Narrative and exogenous indicators need NLP/manual curation; ship them as scaffolding with a manual ingestion path.

FR-19. Sector factor maps

Ship schema/seed/sector_maps.yaml encoding the 7 sector partitions from the factor-graph doc (Tech/Semis, Energy, Financials, Healthcare/Pharma, Consumer, Industrials/Defense, Real Estate/REITs) with: sub-industry partition, dominant factors, critical edges, regime-dependent edges, non-obvious factors. Used by risk_decomposition and comparative_analysis patterns to bootstrap before empirical calibration is available.

FR-20. Regime detection

Daily classifier job. Phase 1: rule-based (transparent). Inputs: GDP nowcast, core PCE, Fed funds direction, 10Y direction, VIX, IG/HY spreads, DXY, sector leadership, top-10 concentration, narrative scores. Output: dominant regime + co-active regime(s) + confidence. Hidden Markov / multi-label classifier deferred to Phase 7.

FR-21. Fragility score

Composite indicator combining concentration, breadth, leverage, narrative dominance, credit-spread tightness. Surfaced as a top-level UI badge. Used to caveat answers ("model output trustworthy unless fragility-score elevated").

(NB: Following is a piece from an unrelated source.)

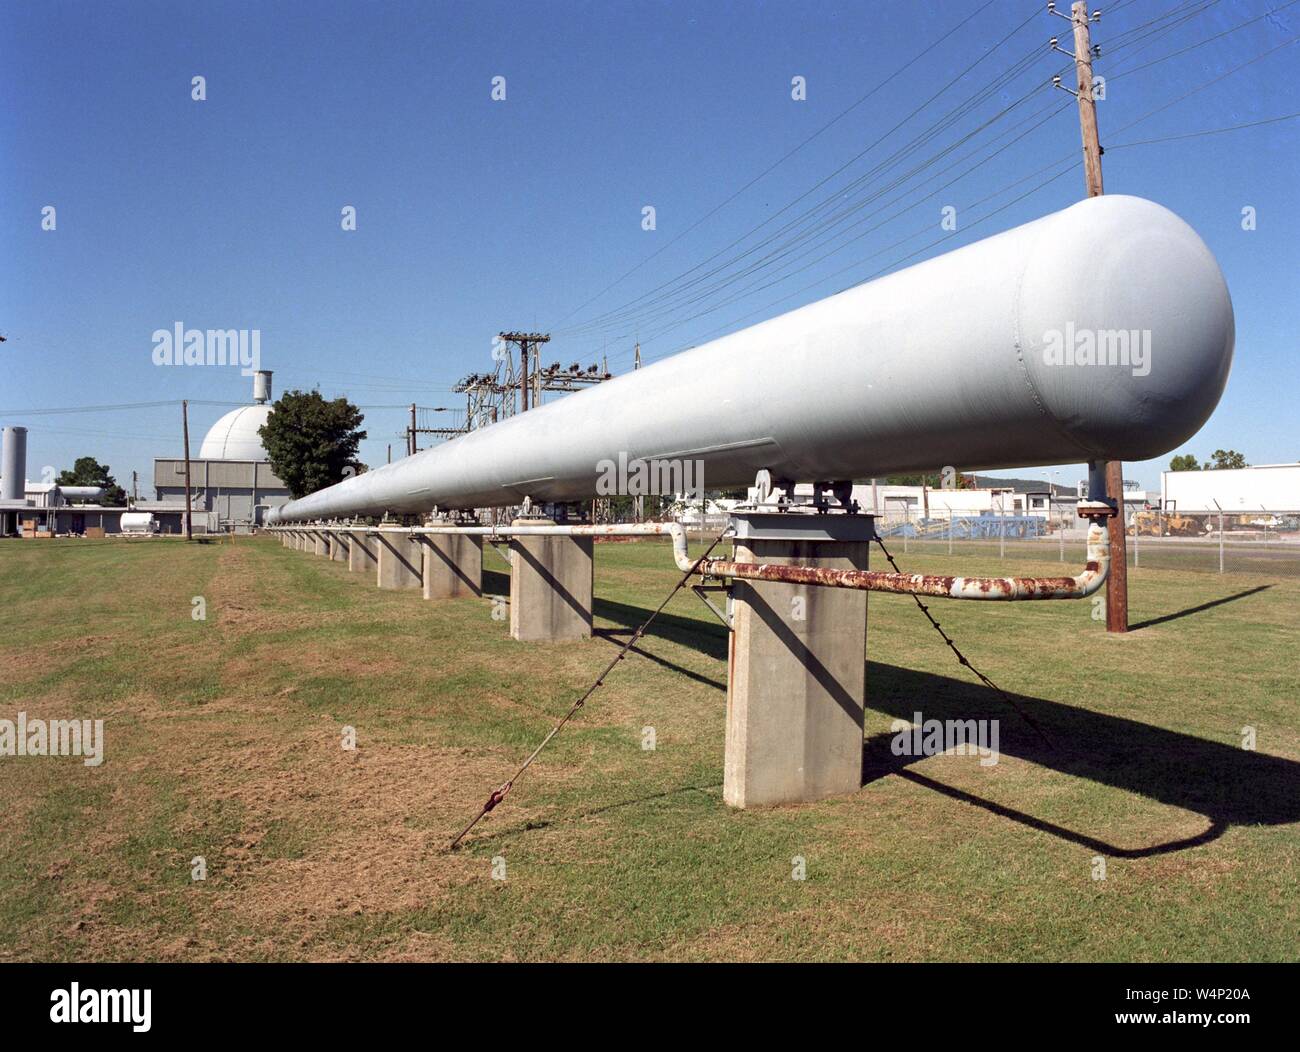 Elevato numero di Reynolds galleria del vento di 390 piedi di tubo lungo a George C. Marshall Space Flight Center di Huntsville, Alabama, 1990. Immagine cortesia Nazionale Aeronautica e Spaziale Administration (NASA). () Foto Stock
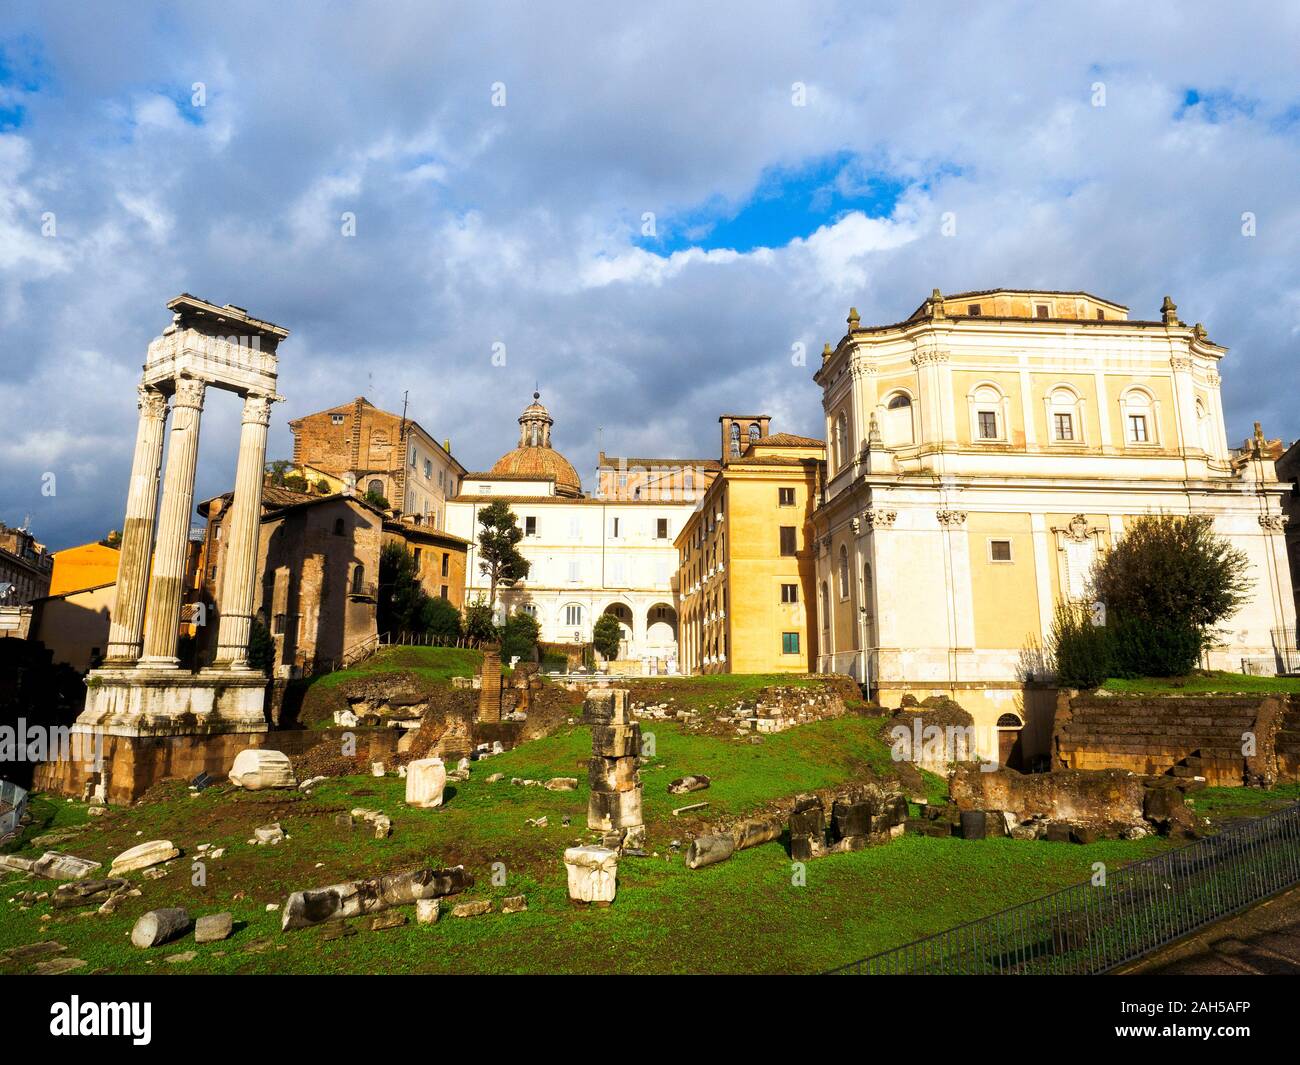 Temple of Apollo Sosianus near the Theatre of Marcellus - Rome, Italy Stock Photo

FR-22. Reflexive-loop detection

Cycle detection over INFLUENCES edges of mechanism_class IN {WEALTH_EFFECT, CAPEX_AFFORDABILITY, EMPLOYMENT_EARNINGS, VOL_OF_VOL}. Surfaced when the user asks about a node that participates in an active loop.


3. Non-functional requirements

Area Requirement
Latency Templated query p95 < 500 ms (graph only). End-to-end p95 < 8 s (incl. LLM compose + verify). On free Auradb cold-start, first call may take ~30 s; document this.
Throughput Public demo: 1 QPS (Hugging Face Spaces / Fly free tier). Self-host: 10+ QPS.
Scale (free tier) 200k nodes, 400k rels (AuraDB Free). Enough for S&P 100 + 50 indicators + 1 yr events.
Availability Best-effort; sleeps allowed; document the cold-start UX.
Reproducibility Any answer ≤6 mo old reproducible from audit log.
Compliance Free-tier sources only by default; vendor data behind opt-in flag. PII limited to publicly disclosed roles. No redistribution of vendor data.
Security Secrets via GitHub Actions secrets / Codespaces secrets / .env. No keys committed. BYOK pattern for the LLM.
Observability Structured logs to stdout (captured by Actions / hosting platform). Pipeline trace IDs. Metrics scraped by GitHub Actions weekly into a static dashboard on Pages.
Cost $0 for the maintainer. End user funds their own LLM key.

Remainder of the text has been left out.